D5 — Deploy via GitHub Actions; generation-stamped cutover

Deploys run in GitHub Actions (ADR-110): a fast-forward push of the production branch builds and ships the container via wrangler; main is integration and does not deploy. Cutover is by deployment generation — a new container claims only its own generation’s outbox rows, and the prior generation’s rows simply stop being claimed (no blue-green color flip, no legacy-generation reaper). The container exposes /health (which carries the running version and per-feature wiring) as the deploy go/no-go; graceful shutdown uses the container SIGTERM→SIGKILL window to finish the in-flight turn and commit the outbox cursor.

Schema migrations are forward-only (ADR-032 D4) and expand/contract: a deploy’s schema change must leave the prior generation’s code working against the new schema, so the two generations overlap safely during cutover. This is what makes generation-based cutover (and code-level rollback to the prior generation) safe.
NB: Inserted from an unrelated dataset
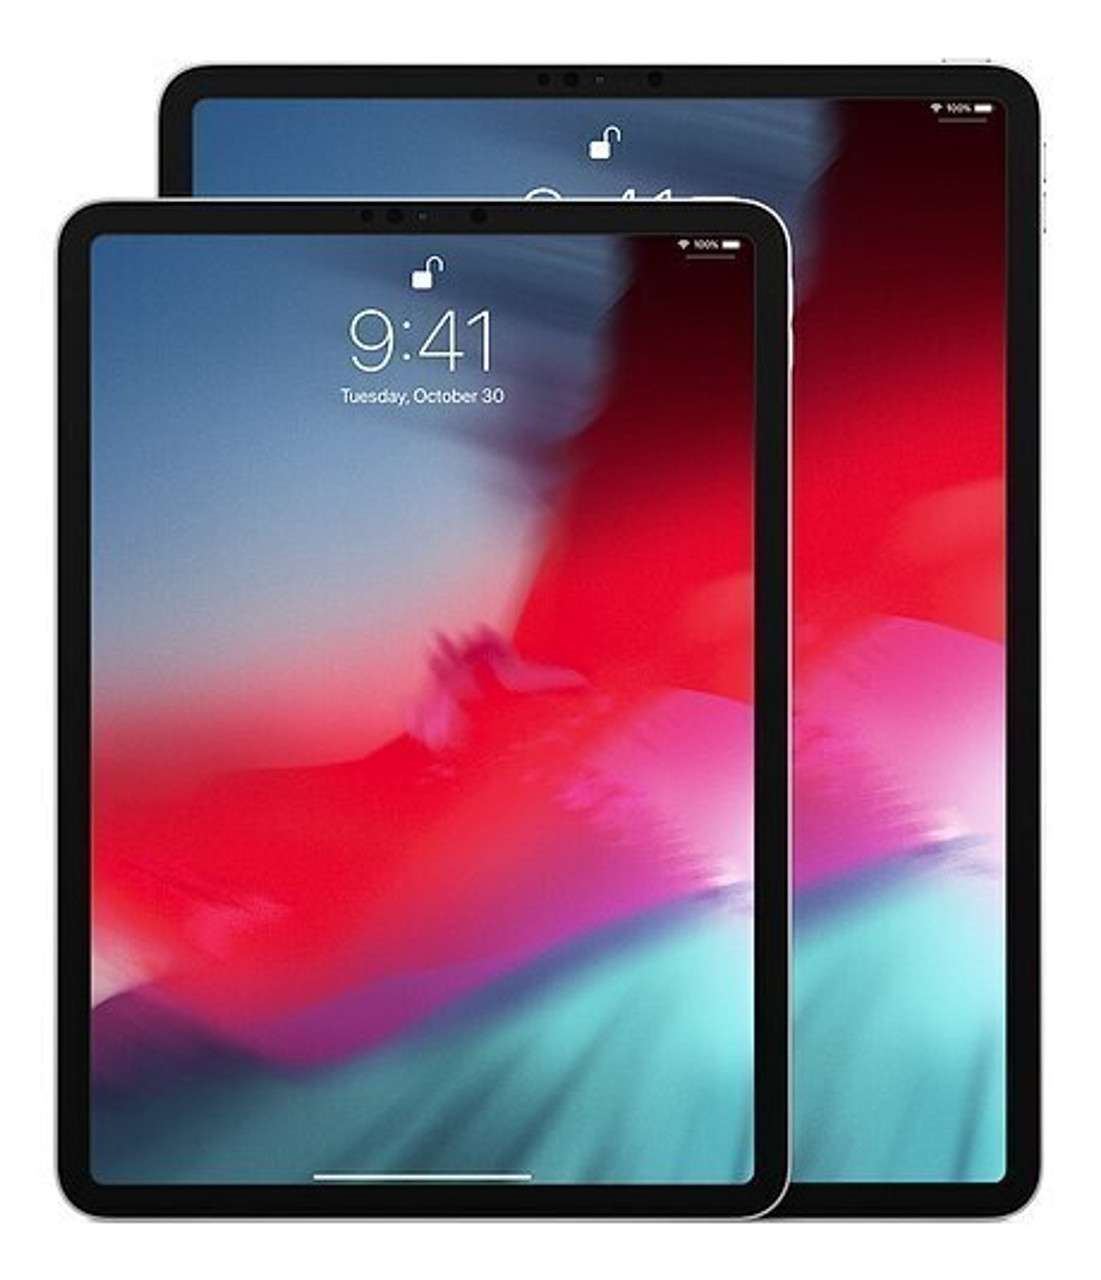 Apple iPad Pro 2nd Gen (11-inch) 512GB WiFi + Cellular - Mac Me an Offer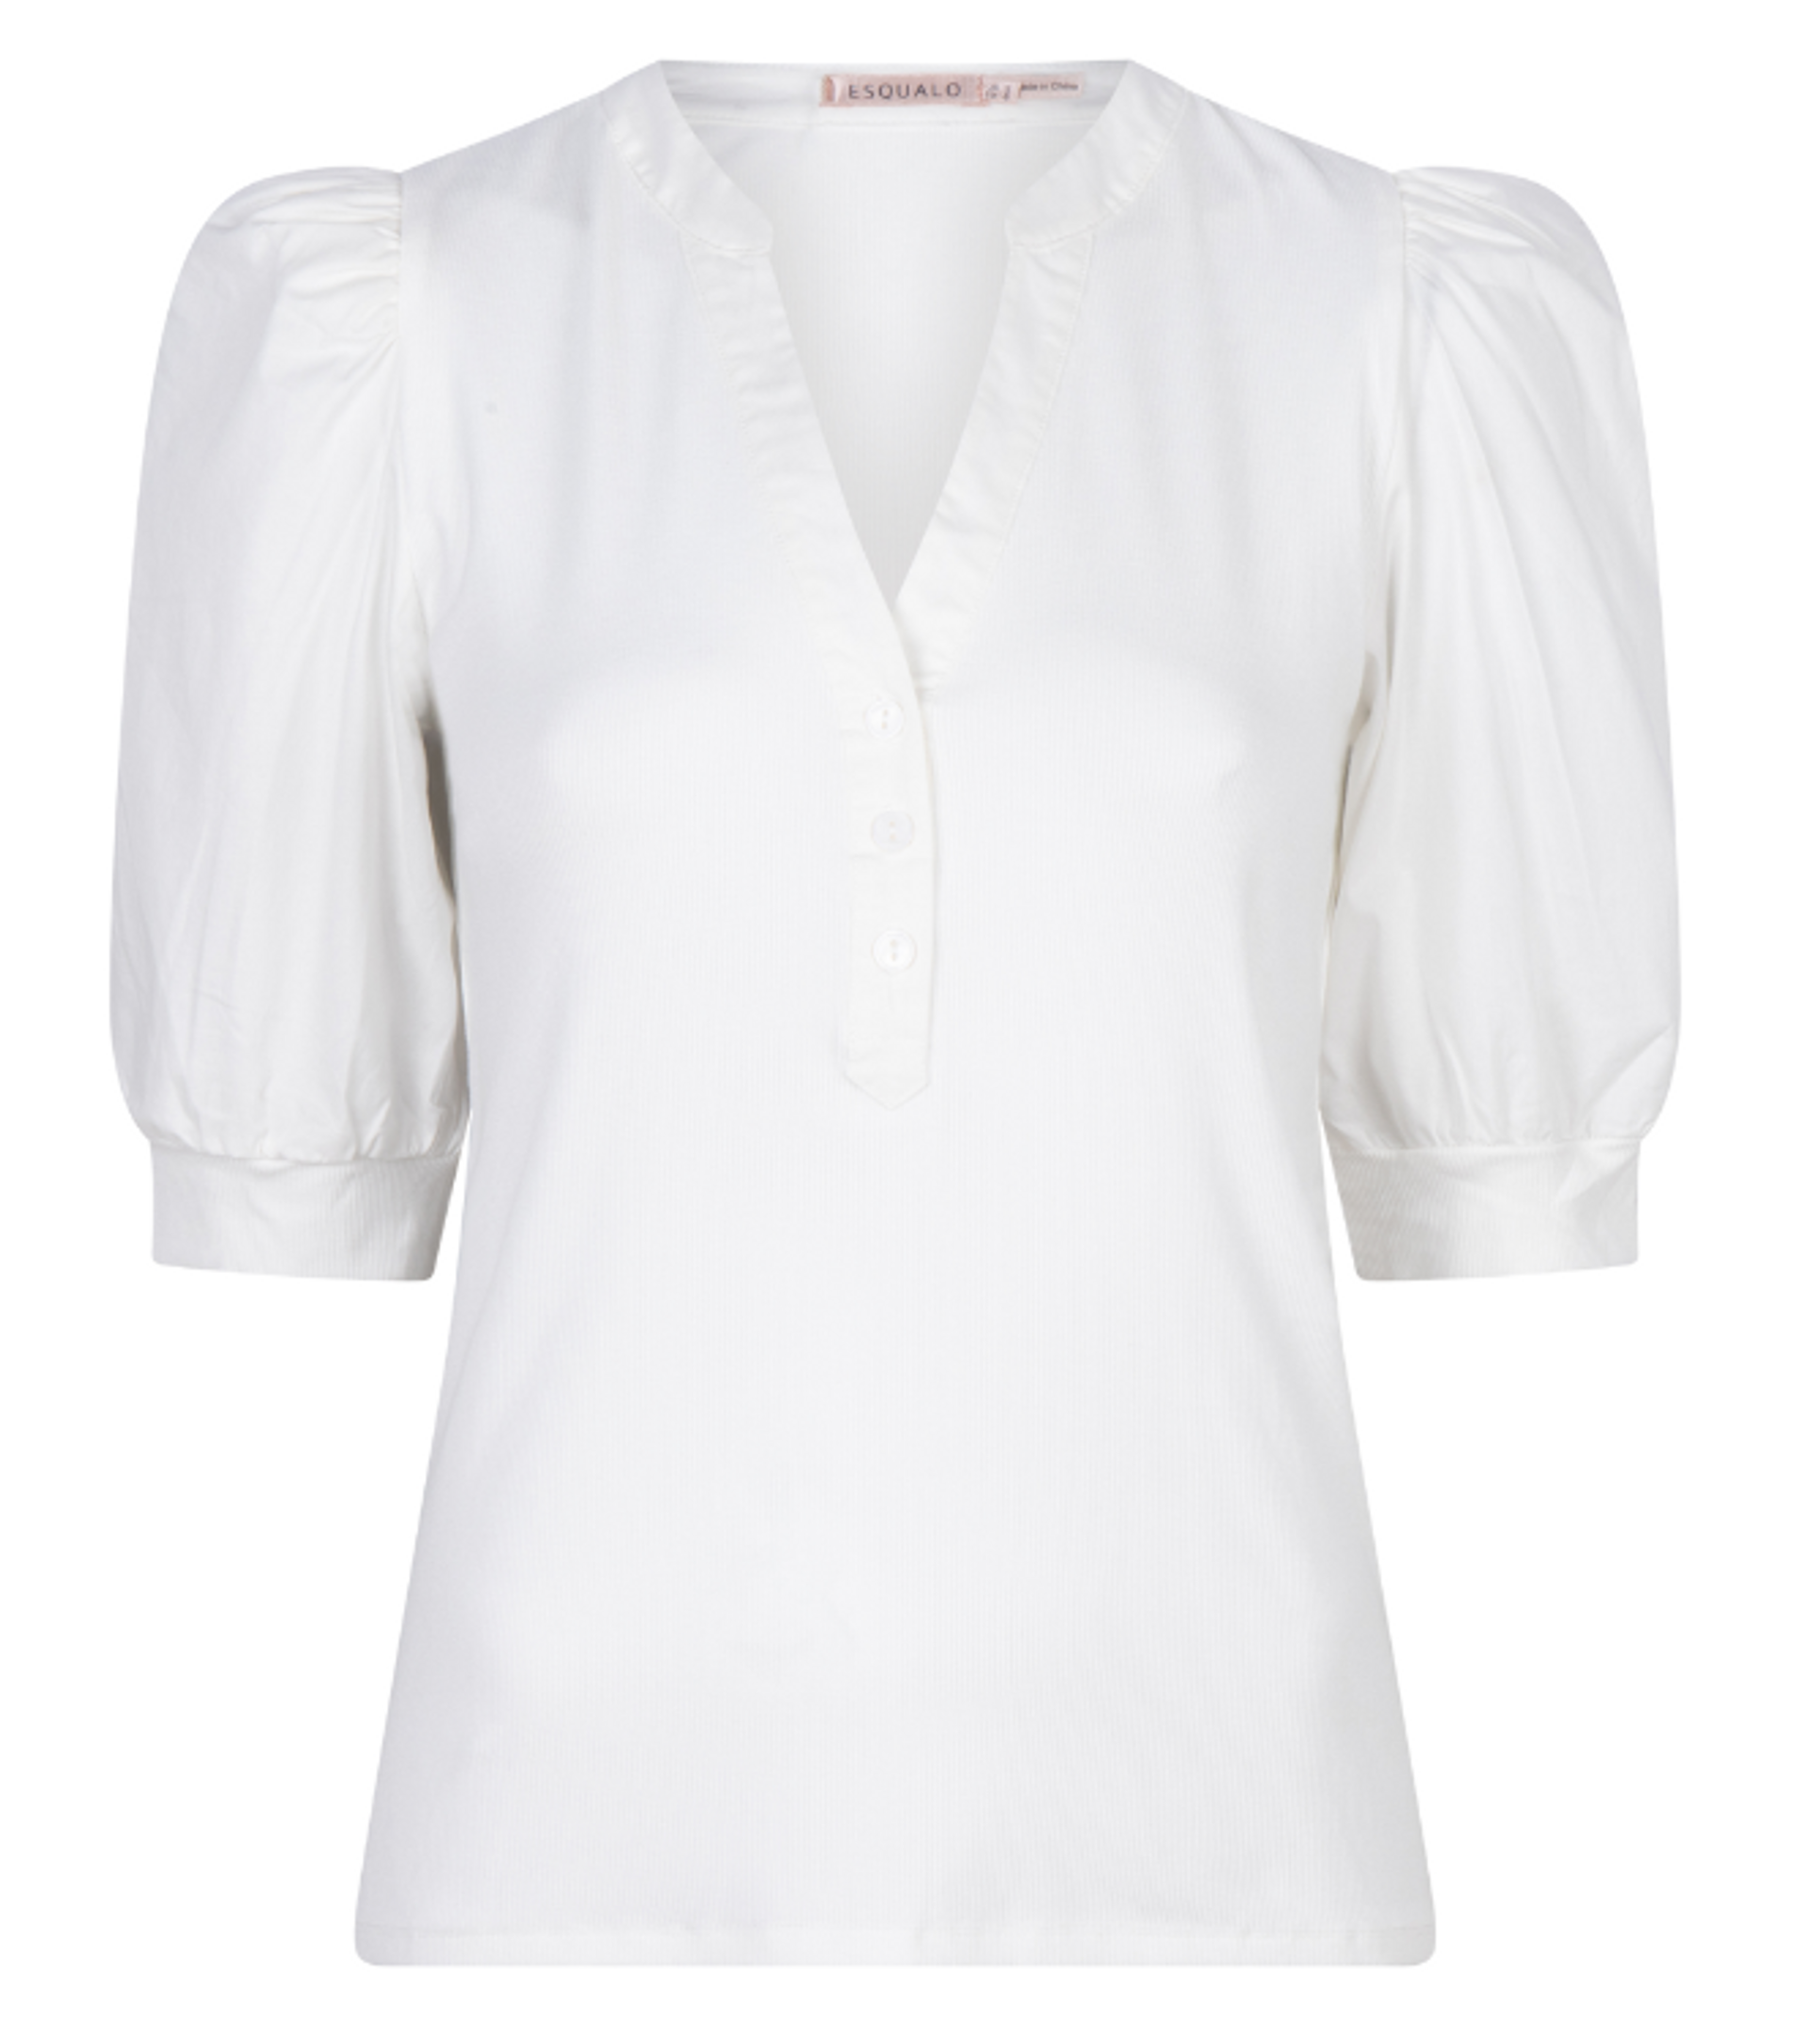 Women's tops | Women's blouses & shirts | Mountain Brook, AL

D6 — Supabase locked; DR is Supabase-native

Supabase and the ADR-044 substrate are unchanged. Disaster recovery is Supabase’s native managed backups + PITR (ADR-040) — there is no self-run backup pipeline.

Alternatives considered

  • A two-cloud AWS + Cloudflare hybrid (Lambda/API-Gateway + ECS Fargate, with DynamoDB/SQS/EventBridge for the non-decision tiers). Rejected: it stands up a second cloud plus a second event/checkpointer stack to host an I/O-bound workload that never needed it, duplicating what the locked Supabase substrate (outbox, LISTEN/NOTIFY, PostgresSaver) already provides — operational tax with no offsetting benefit for a solo builder.
  • Two separate Cloudflare containers (one API, one workers). Rejected for alpha: a single combined image is simpler to build, deploy, and keep warm at dogfood scale; the separately-launchable-entrypoints invariant preserves the option to split later without a rewrite.
  • A managed PaaS (Render/Fly/Railway), Cloudflare only at the edge. Rejected: doesn’t collapse to one compute vendor, is less edge-native, and drifts back toward the PaaS shape the pivot left.

Consequences

  • One compute vendor (Cloudflare) + one data vendor (Supabase). No AWS account, no second event system, no separate predicate host.
  • The one-container invariant applies to apps/api + apps/workers; it does not absorb the dashboard, Operations cockpit, or docs sites, which are Cloudflare Pages deployables.
  • The combined image installs spectral[api,workers]; the API imports the worlds ingestion stack at module load, so both extras must be present in the one image.
  • Cutover is generation-based; there is no blue-green color flip and no legacy-generation reaper — old-generation outbox rows age out unclaimed.
  • Supabase-locality latency is best-effort (Cloudflare Containers place at macro-region granularity, not pinned to the Supabase building). Revisit triggers: Supabase-locality latency materially degrades the closed loop; a Cloudflare control-plane outage exceeds tolerance; cost exceeds the modeled envelope at dogfood scale. The mitigation is the same entrypoint seam — re-split the DB-chatty tier onto its own host.